Dig Baton Rouge

Film in Review: Batman v Superman: Dawn of Justice

What’s the deal with the “v” in Batman v Superman: Dawn of Justice? We understand it stands for “versus,” but the dropping of an “s” or even a period is suspect. Prior to my advance showing of this movie, director Zack (with a “k”) Snyder conducted a short introduction, saying the letter “v” instead of the word “versus.” This makes my mind race like no other mainstream title has. Perhaps the word “Justice” needed a court case-style “v?” Maybe the single letter is meant to be ironic, looking like a peace sign and all (or an upside down crotch). Or maybe Snyder just thought it looked and “sounded” cool.

In which case, my racing mind becomes a pointless endeavor and, at its worst, a search for an excuse instead of an apology, which might truly be “needed.” I hate to state it, but Batman v Superman: Dawn of Justice is bad. We’re not talking Batman & Robin campy bad (the kind that is, at least, entertaining), but rather Aloha bad. Looking back at life decisions regretfully bad. Taking away a Nobel Peace Prize bad. Without having an inkling as to the quality of future 2016 releases, BvS is a safe bet for raspberry of the year, in the most unfortunate of ways. It’s a movie of taking risks at its most rich, and of falling and failing at its most poor.

Billed as the ultimate superhero showdown, the dourness of BvS weighs too heavily for any duel to be considered fun or even fan service. You know, at the “service” of the “fans.” Any tension from the trailers (which for the most part were pretty great) evaporates immediately, with a momentum-less opening sequence that treats its title as red headed stepchild-like as it feels. Snyder is a director of visuals, meaning that he is at his best when it comes to eye candy and storytelling at twenty-four frames a second. Past films like 300, Watchmen and even Man of Steel, at the very least, were interesting to watch, moving along with a pace and rhythm that matched the depth and movement of the photography.
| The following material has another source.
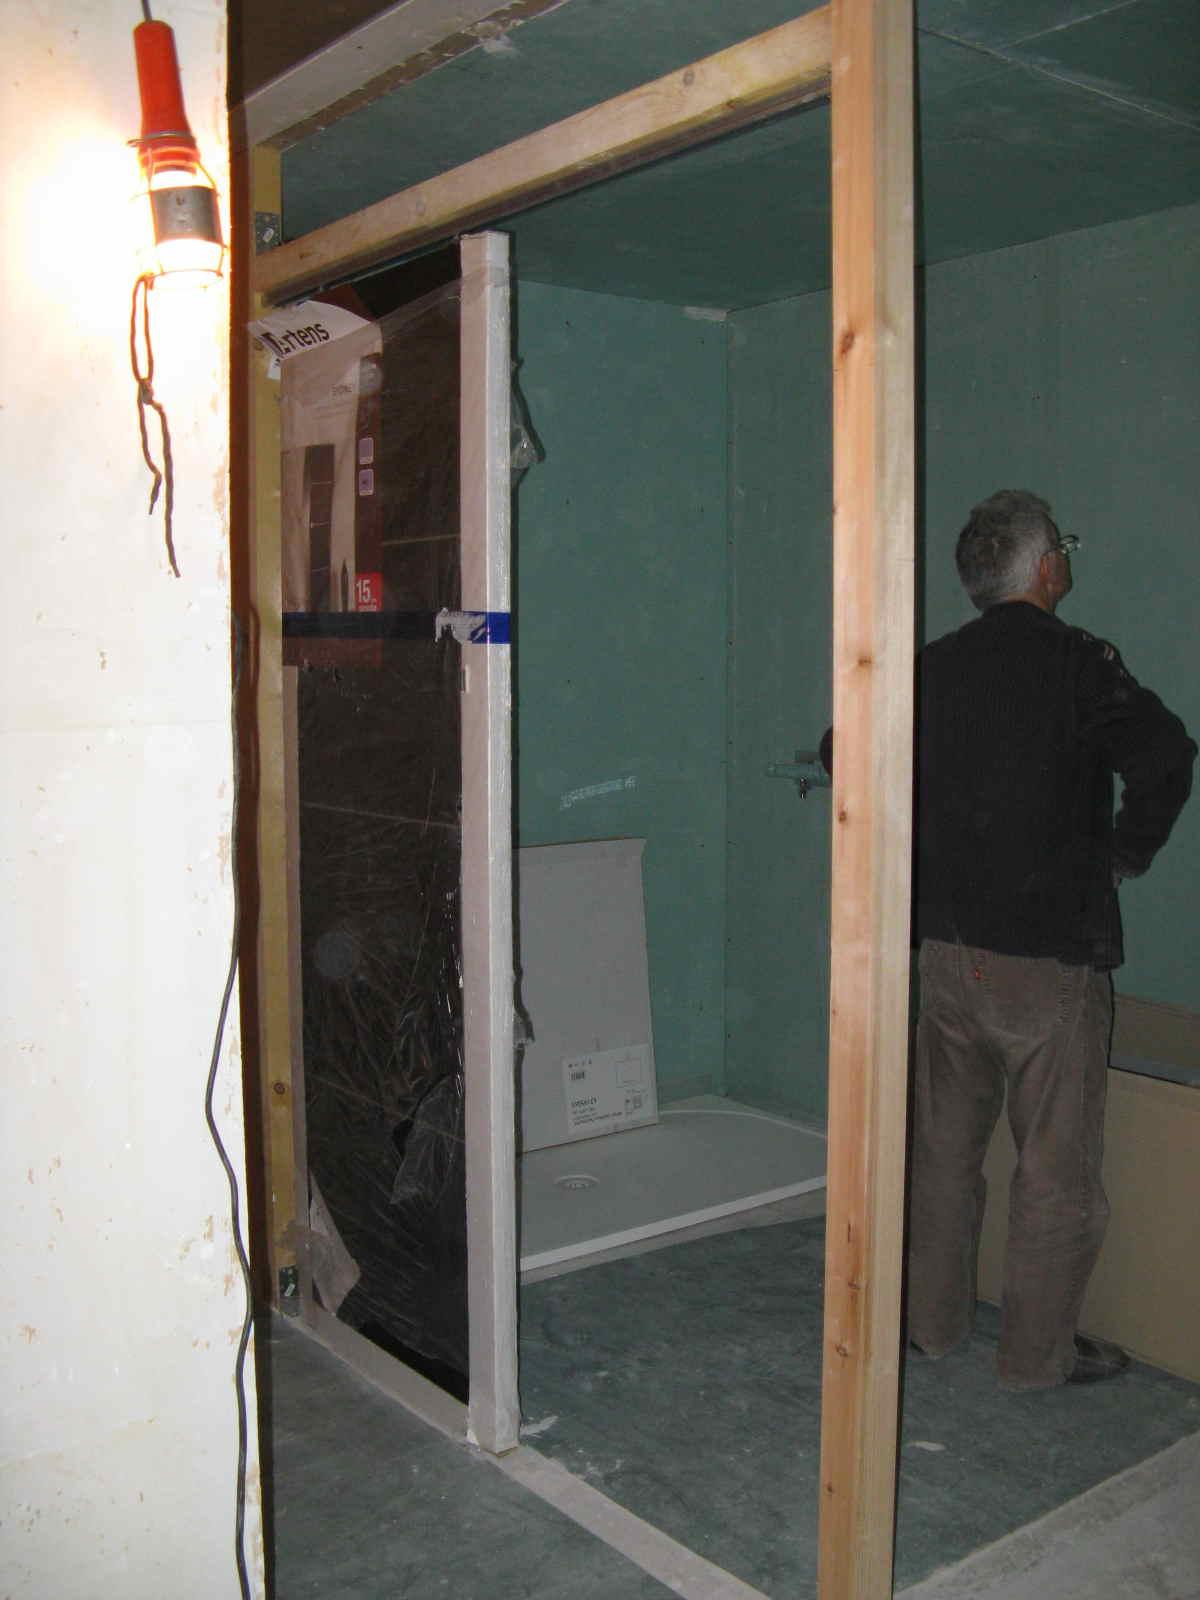 Porte salle de bain vitree avec haute résolution photographies ...

Days later, I can’t recall many memorable images, other than the ones from the trailers. Days later, I’m still confused.

Paced too quickly and cut to ribbons in and out of order, the movie spends its two and a half hours stuck in the mud and muck of its current state of heroism. When we left MoS, Superman was ready to defend Earth from itself and others, to become a shining light of hope and triumph. Here, he has faced with Star Trek II: The Wrath of Khan style hopeless scenarios, where there is no happy ending possible. Resented for being so powerful, hated for being involved in tragedy after tragedy, it makes sense that someone like this version of Batman (who now has no problem with collateral villain damage and playing judge, jury and executioner) would have an issue with him. What doesn’t make sense is why this was the approved and chosen path for a film that everyone wanted to see, families included. Christopher Nolan did more bad than good for Warner Bros and DC, it seems.

So grounded in “reality” that it pulverizes itself into the sand, BvS is not at all what we were expecting or wanting. Of course, it’s not the filmmaker’s job to give us what we “want,” but to highlight and expose the human condition, bare, via a mirror of a movie. Was this mirror made in another dimension, one full of fun houses? What does BvS say about us? Well… what does Donald Trump’s presidential campaign say about the GOP? BvS was possible and probably inevitable by the over saturation and ever expanded superhero bubble that is bound to burst at some point like the internet cafe business. This monster was created long ago, people. Both by our ticket buying trends and the studios’ interpretation of those trends. It was written in the stars that Batman v Superman: Dawn of Justice was going to happen. What can be learned? What can be understood from it? How do we prevent another one from happening?

Stop doing things because they sound or look “cool.”